Abstract
Abstract
Vitrektomie zur Behandlung traumatischer Makulaläsionen im Kindesalter
Meier P., Wiedemann P. Klinik und Poliklinik für Augenheilkunde der Universität Leipzig
Hintergrund: Vitreoretinale Eingriffe zur Behandlung traumatischer Makulaveränderungen sind im Kindesalter extrem selten. In der vorliegenden Studie berichten wir über unsere Ergebnisse nach makulachirurgischem Eingriff wegen Makulaforamen oder hämorrhagischer prämakulärer Zyste bei Terson- und Shaken-Baby-Syndrom.
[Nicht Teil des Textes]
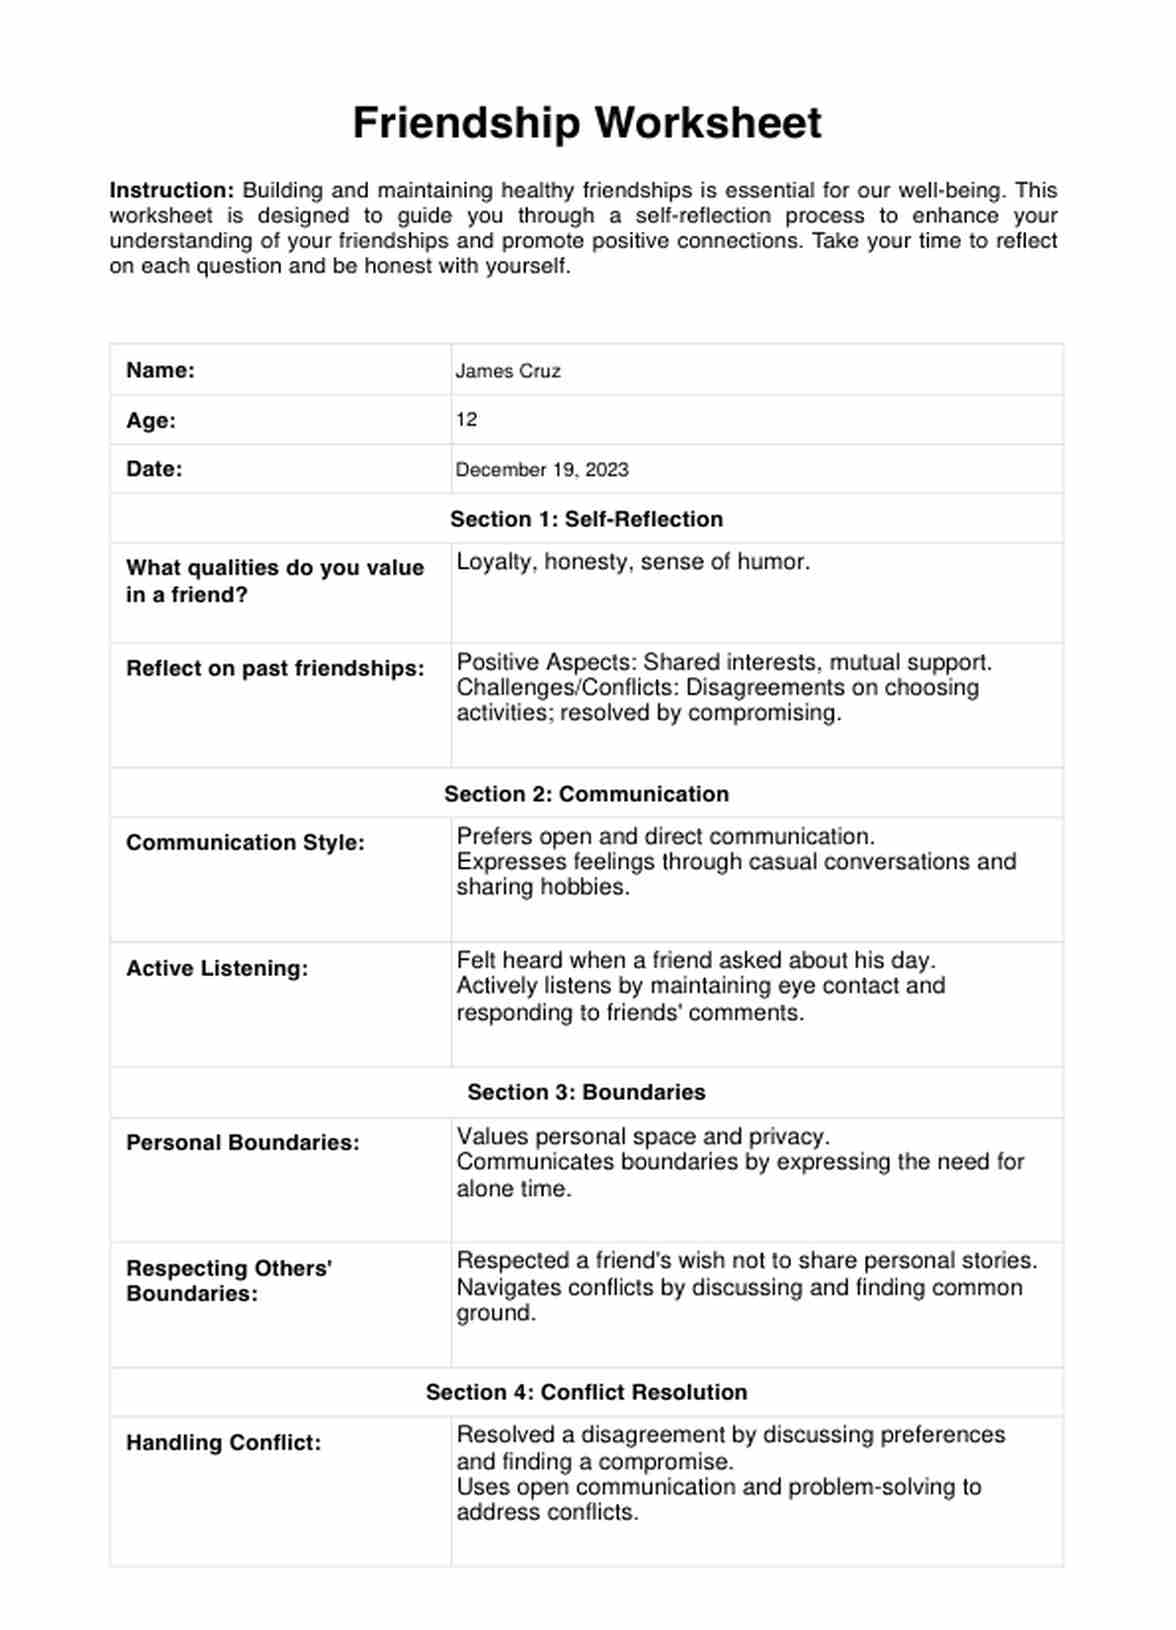 Friendship Worksheets PDF Example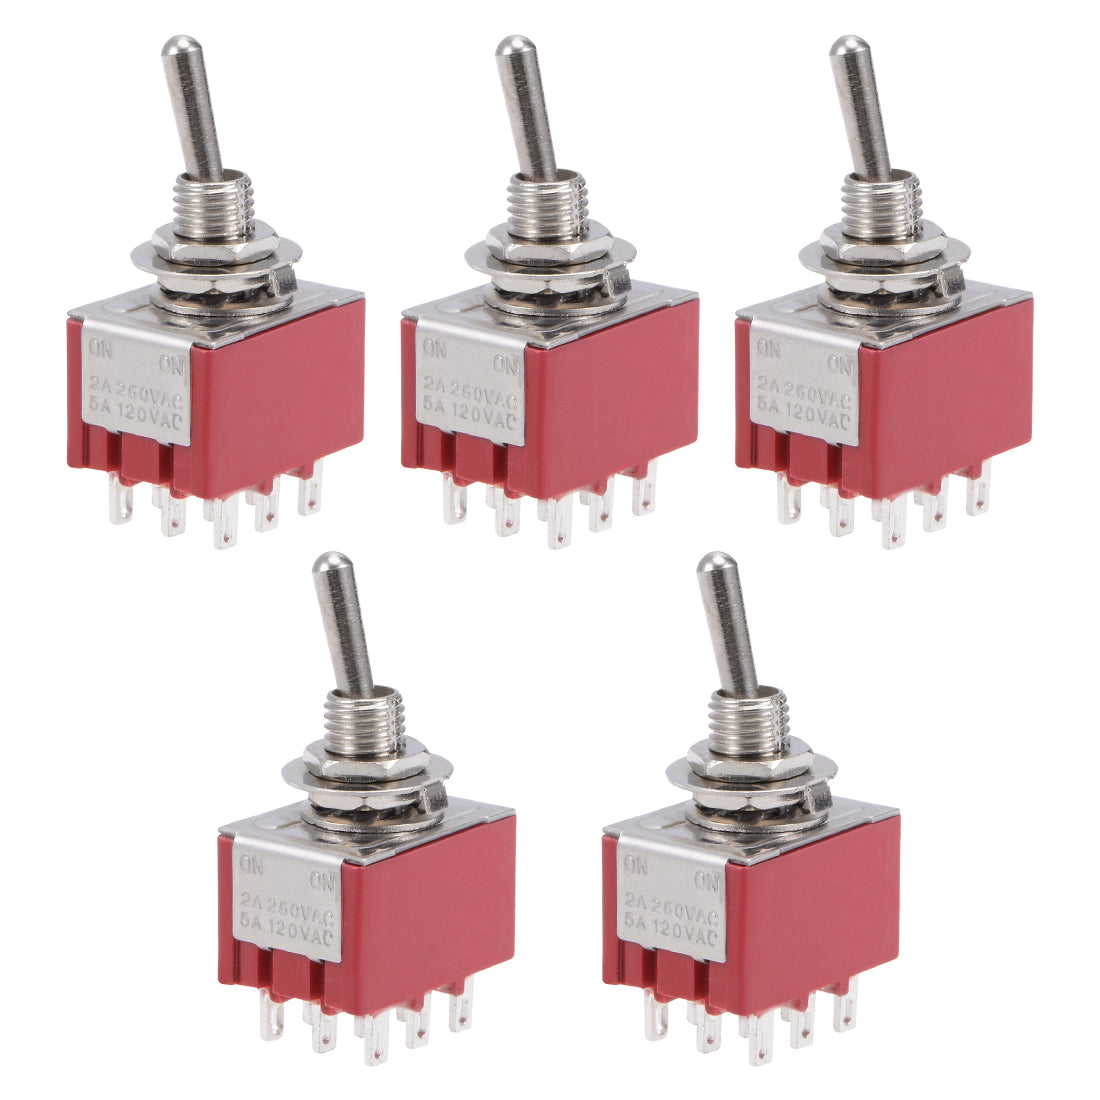 uxcell Uxcell 5Pcs Latching Rocker Toggle Switch 2A250VAC/5A120VAC 9P ON-ON  MTS-302 Red

Methode: Im Zeitraum von November 1995 bis Oktober 2002 führten wir bei insgesamt 10 Augen von 9 Kindern im Alter von 7 Monaten bis 17 Jahren einen vitreoretinalen Eingriff wegen traumatisch bedingter Makulaläsionen durch. Indikationen zur Vitrektomie waren ein traumatisches Makulaforamen (4), eine prämakuläre hämorrhagische Zyste bei Terson- (4) und Shaken-Baby-Syndrom (2). Während der Vitrektomie erfolgte eine Rhexis der ILM unter Beachtung der operationstechnischen Besonderheiten kindlicher Augen. 4 Kinder wurden intensiv orthoptisch nachbetreut. Ergebnisse: Bei allen Patienten wurde eine Besserung des anatomischen Befundes erreicht, dies war mit zwei Ausnahmen mit einem Funktionsanstieg verbunden, der im Nachbeobachtungszeitraum von 6 Monaten bis 5 Jahren stabil blieb. Schlussfolgerungen: Besteht bei einem Kind die Indikation für eine makulachirurgischen Eingriff, so sollte dieser unverzüglich unter Beachtung der Besonderheiten kindlicher Augen erfolgen.